问题的原因找到了，但是还是没有办法进一步解决问题。这里进一步考虑为什么匹配到了 xfrm policy。

因为tc_decrypt 程序会对所有在 node 上的 pod ip 进行标记，因此所有发往 node 上 pod 的数据包都会被标记为 0x00d0，从而到达 xfrm in policy lookup 的时候会匹配到 xfrm policy，从而进一步检查 sec_path，导致 XfrmInTmplMismatch 增加。

因此首先的解决方法是调整 tc_decrypt 程序，使其只对经过加密的数据包进行标记。

在我们的实现中，需要明确一个在 node 网卡的 ingress 阶段的数据包，其是被加密的数据包还是未被加密的数据包。如果是加密的数据包，那么就需要进行解密处理；如果是未被加密的数据包，那么还需要进一步判断这个数据包是解密之后重新进入 ingress 的数据包，还是未被加密的 pod 发送过来的数据包。如果是解密之后重新进入 ingress 的数据包，那么就不需要进行任何处理；如果是未被加密的 pod 发送过来的数据包，那么就将这个数据包标记为不需要加密。

此外，如果是解密的数据包，我们通过设置 xfrm state output-mark 来标记这个数据包已经被解密过了，这样在 ingress 阶段就可以直接判断这个数据包是解密过的，从而不进行任何处理。并且确保 output-mark 的值和 xfrm policy 中的 mark 值保持一致。

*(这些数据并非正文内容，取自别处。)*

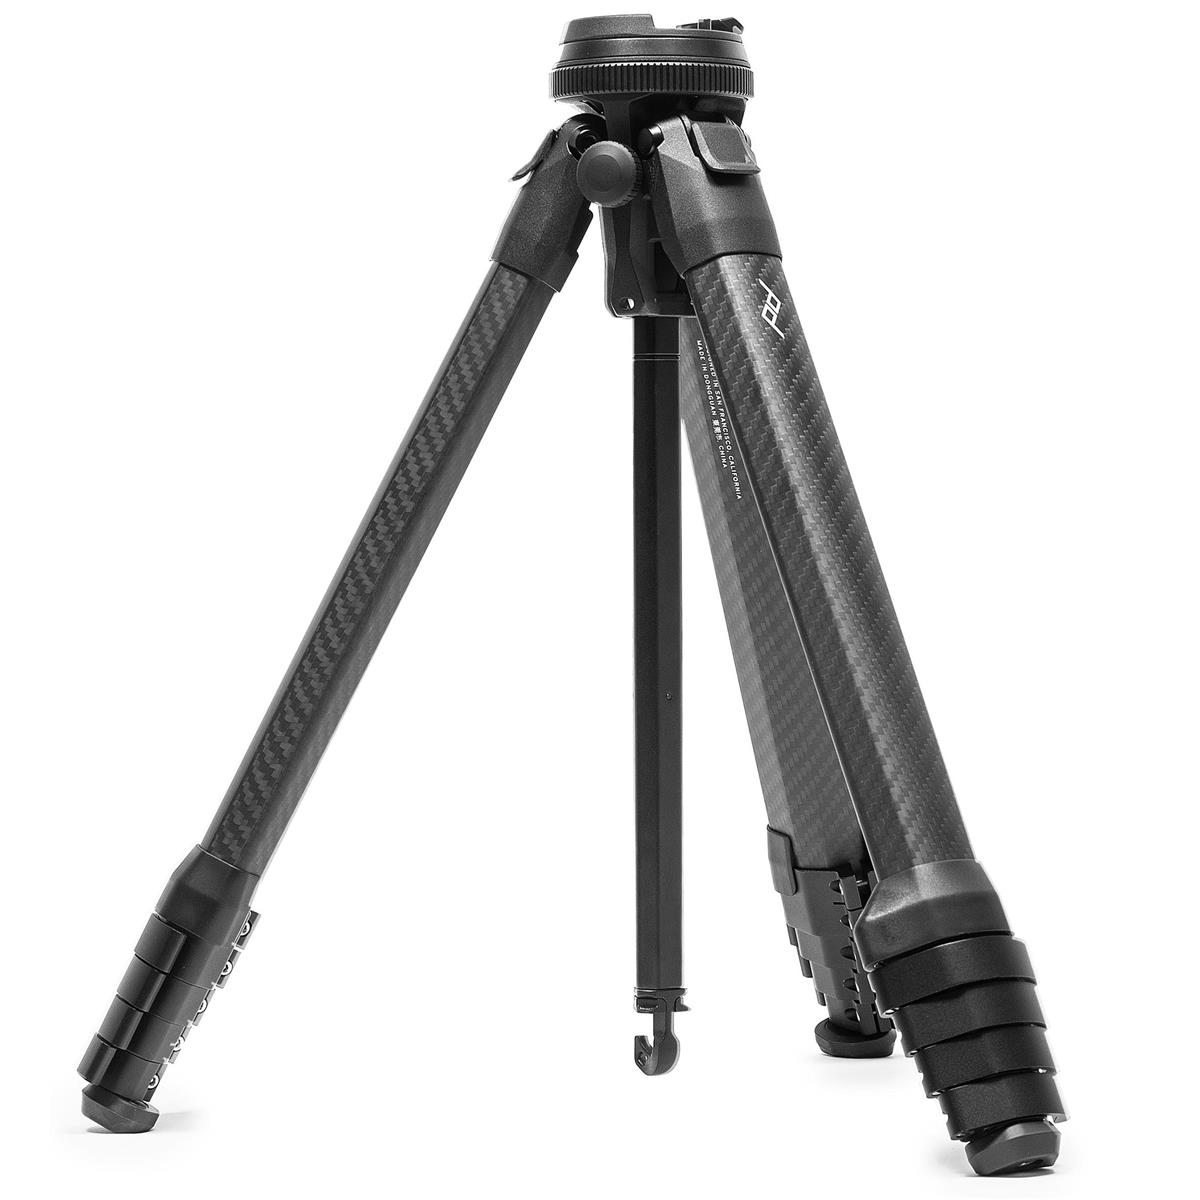 Image of Peak Design 5-Section Carbon Fiber Travel Tripod with Ball Head

所以，需要注意数据包的 mark 不能够出现冲突，否则会导致数据包被错误的处理。

// run at node nic and mark traffic need to decryption
SEC("tc_ingress")
int tc_mark_decrypt(struct __sk_buff *ctx)
{
    struct nodeinfo *nodeinfo;
    struct tc_info info = {0};
    __u8 protocol = 0;
    bool decrypted = false;
    __u32 mark = 0;

    if (parser_tc_info(ctx, &info)) {
        return TC_ACT_OK;
    }
    if (is_ipv4(&info)) {
        protocol = info.iph->protocol;
    } else if (is_ipv6(&info)) {
        protocol = info.ip6h->nexthdr;
    } else {
        return TC_ACT_OK;
    }

    if (protocol == IPPROTO_ESP) {
        return TC_ACT_OK;
    }

    mark = ctx->mark;
    decrypted = (mark == IPSEC_DECRYPTED_MARK); // IPSEC_DECRYPTED_MARK is same with xfmr state output-mark, which means
                                                // packet was decrypted and then back to ingress

    if (decrypted) {
        return TC_ACT_OK;
    }

    ctx->mark = 0;
    return TC_ACT_OK;
}

char _license[] SEC("license") = "Dual BSD/GPL";
int _version SEC("version") = 1;

其他

其他就是一些文档相关的内容，如网站上的文档、通过Kmesh捐赠到CNCF等。